— The task —
The required output is the exact run of lines from the one that contains "Bee Smart Ultimate Duo Deal" to the end of the data, with every picture left out.

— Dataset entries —

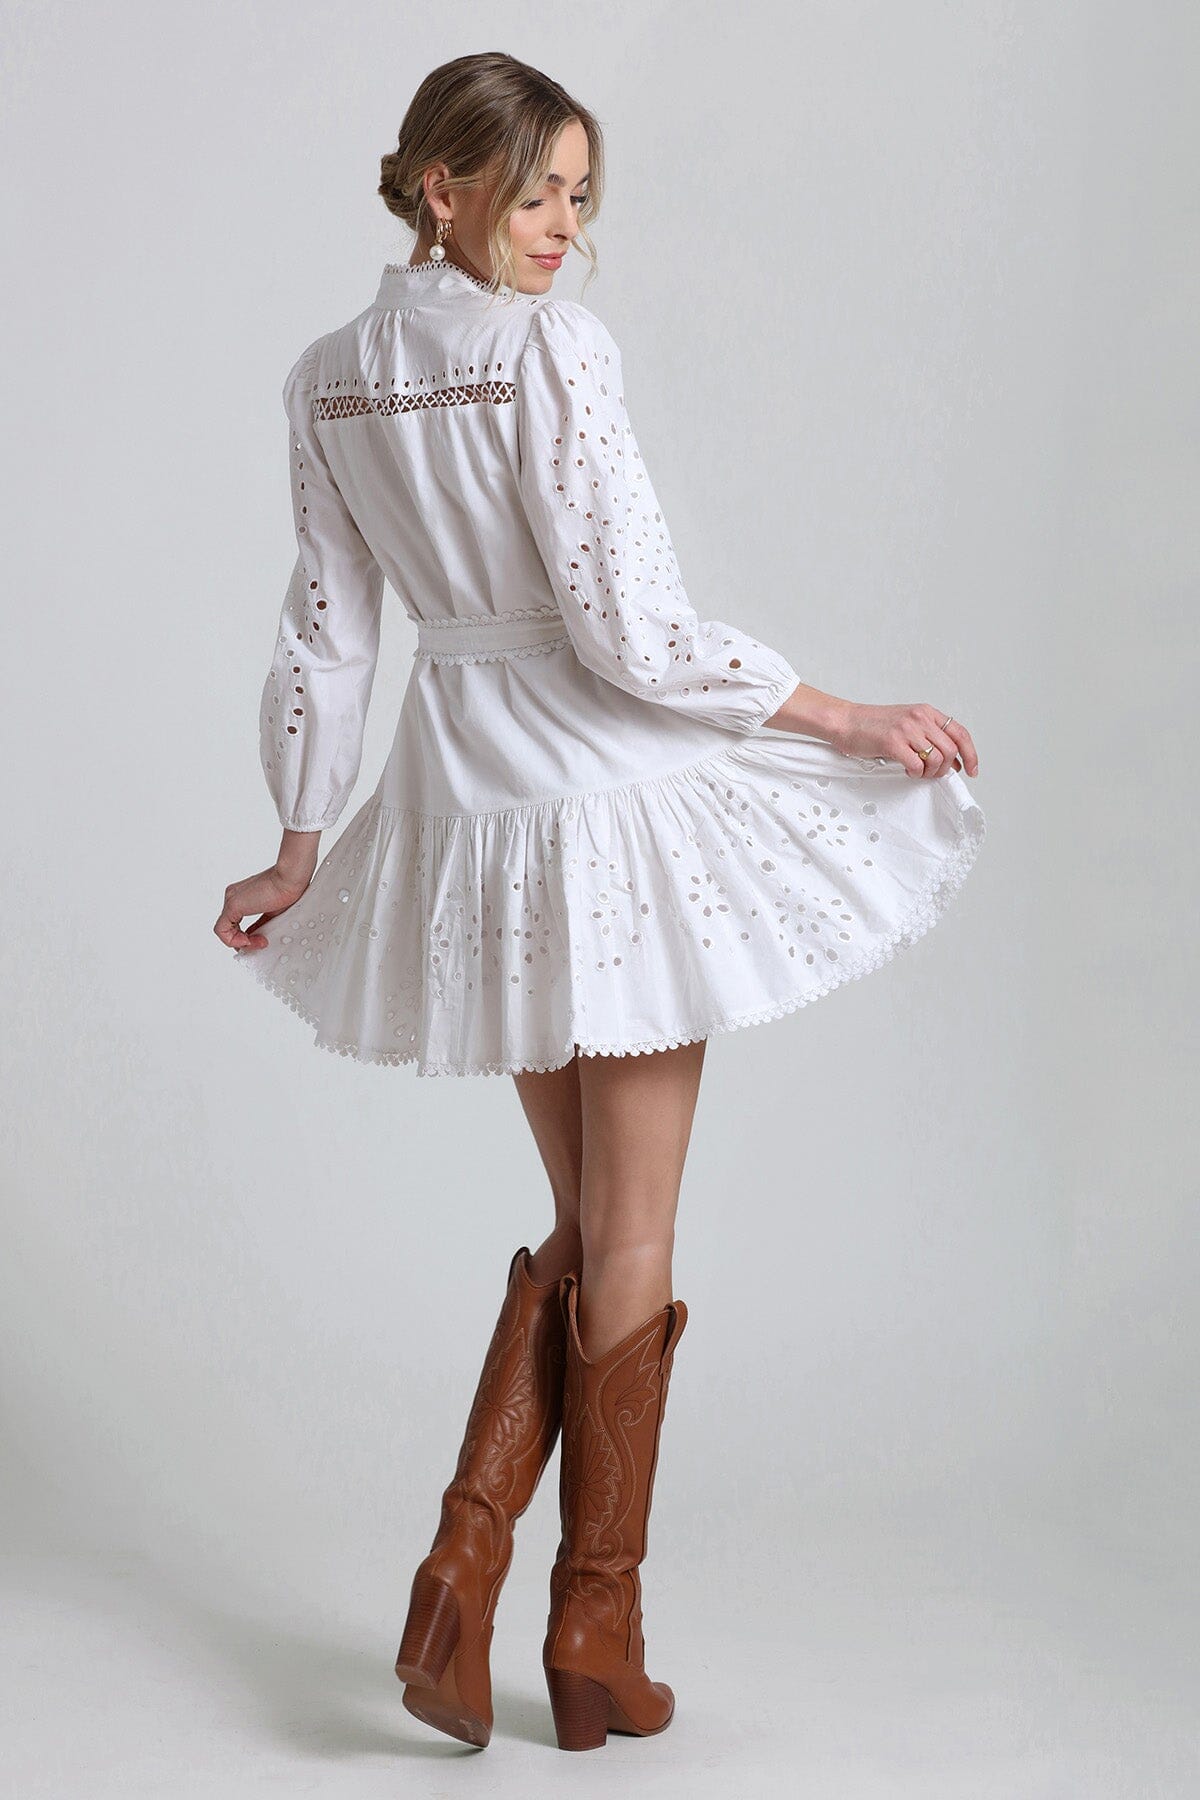 Broderie Anglaise Cotton Shirtdress Dresses Avec Les Filles 
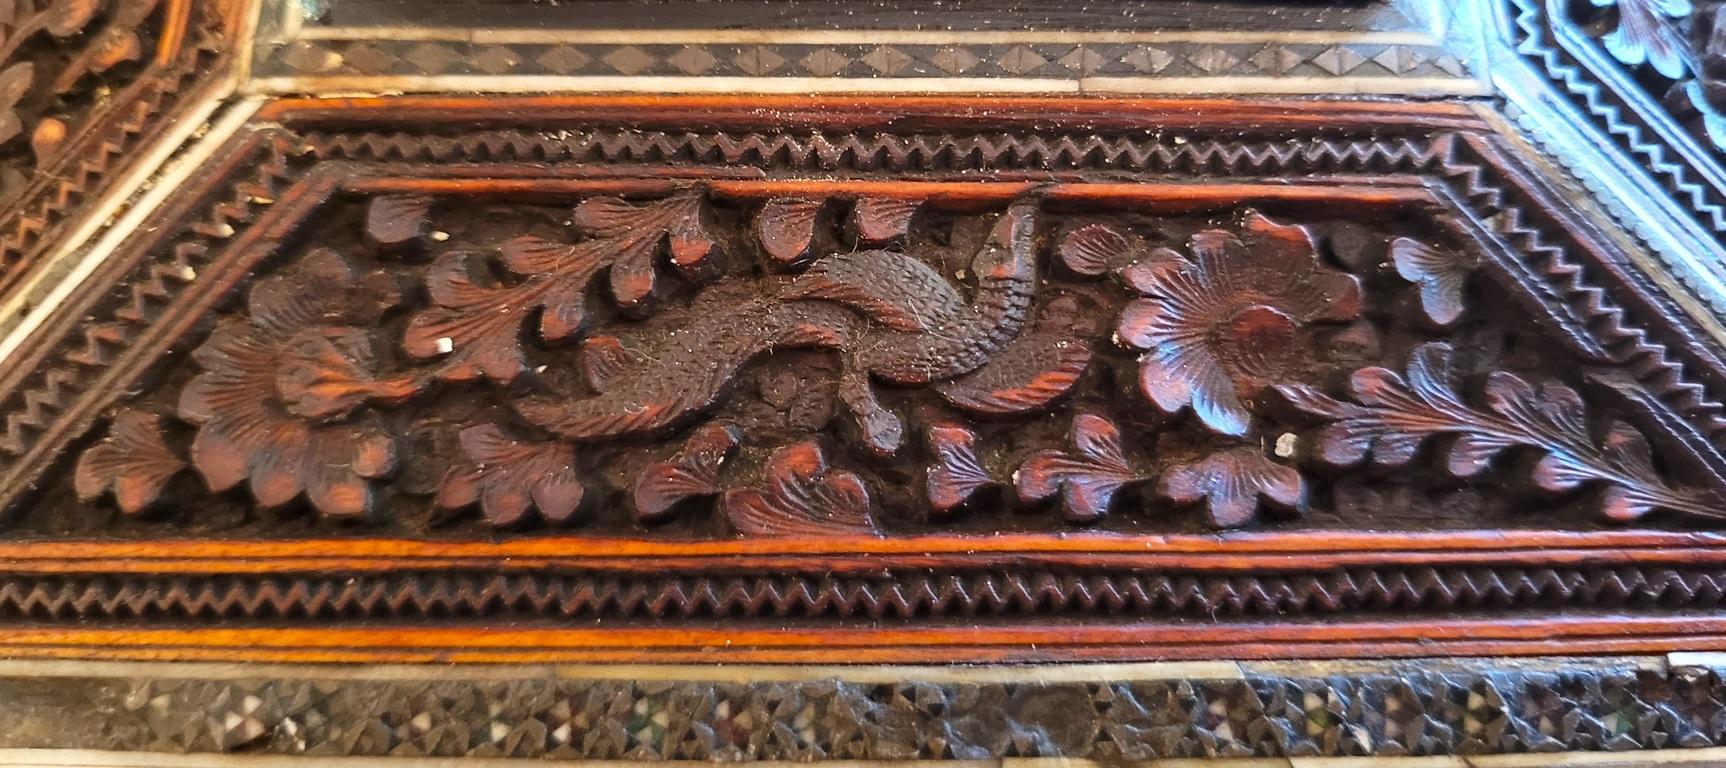 PRÄSENTIEREN SIE EINEN SCHÖNEN KASTEN aus dem 19. Jh. aus anglo-indischem Padouk-Holz mit Sadeli-Mosaik-Intarsien zum Nähen.

Hergestellt in Bombay, Indien, um 1880.

Die Schatulle ist aus Sandelholz gefertigt und hat auf allen Seiten stark
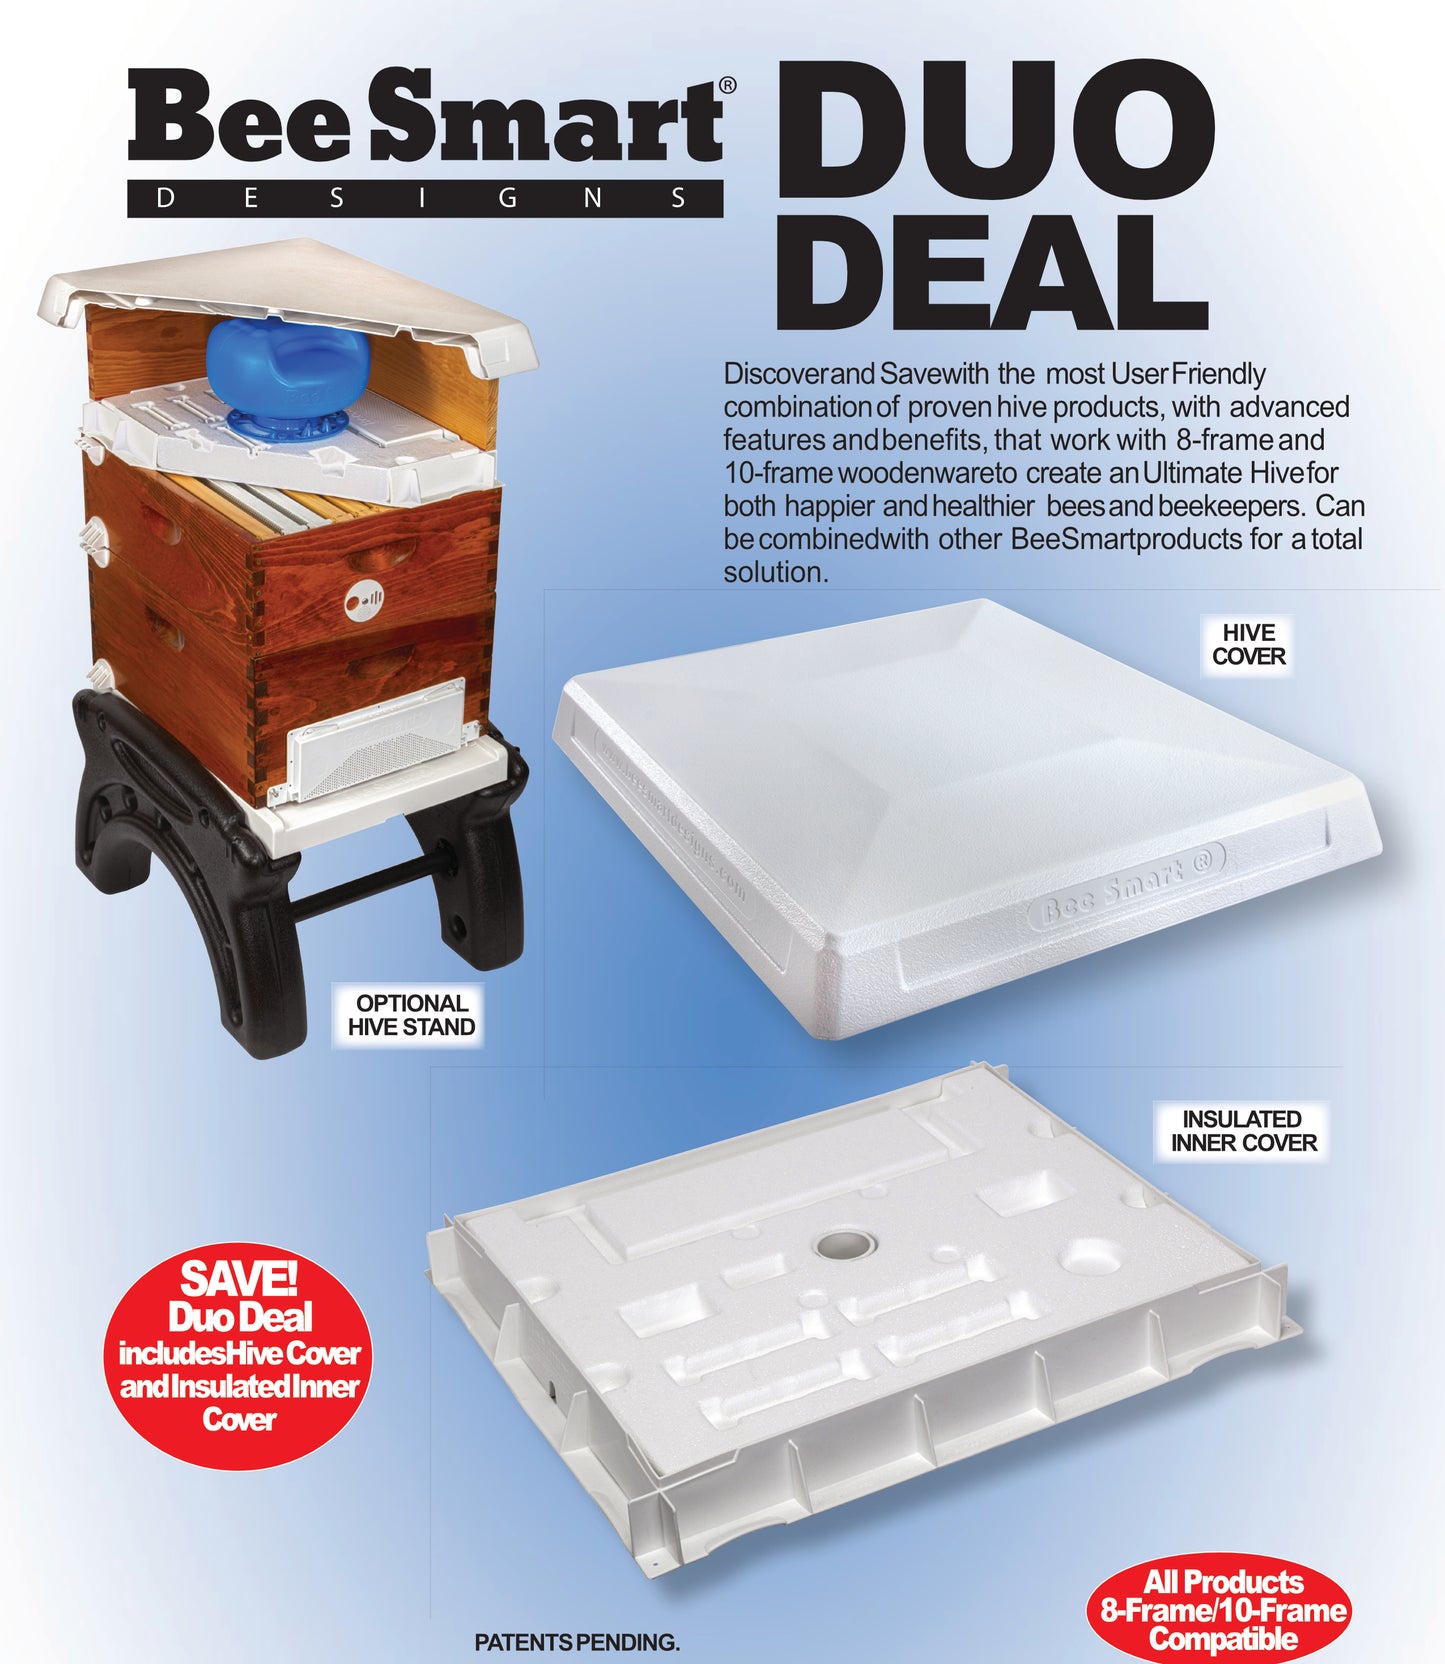 Bee Smart Ultimate Duo Deal
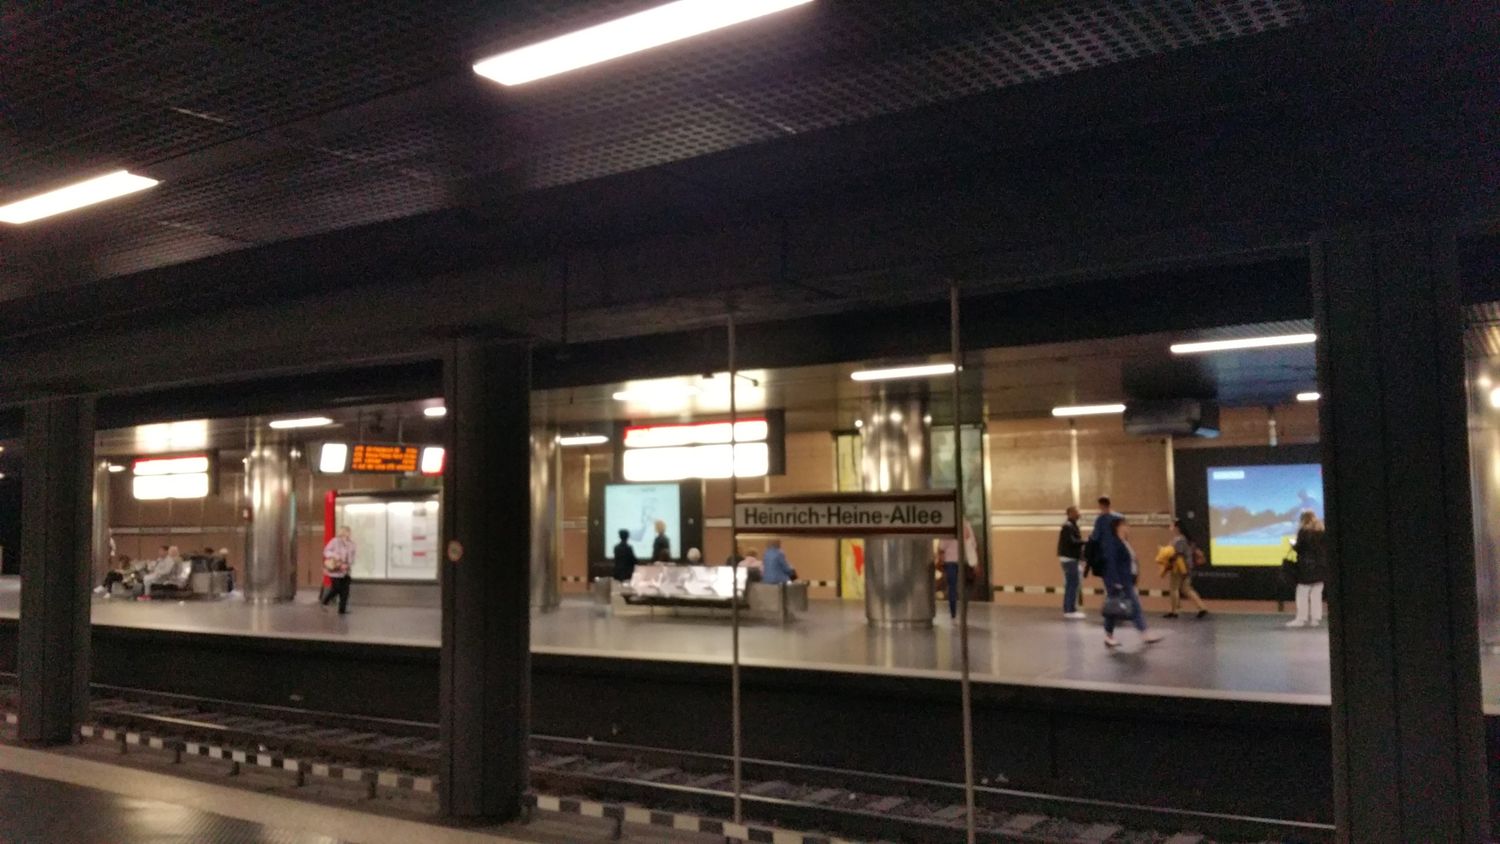 Bilder und Fotos zu U-Bahnhof Heinrich-Heine-Allee in Düsseldorf, Heinrich- Heine-Allee

— Problem solution —
 Bee Smart Ultimate Duo Deal
 Bilder und Fotos zu U-Bahnhof Heinrich-Heine-Allee in Düsseldorf, Heinrich- Heine-Allee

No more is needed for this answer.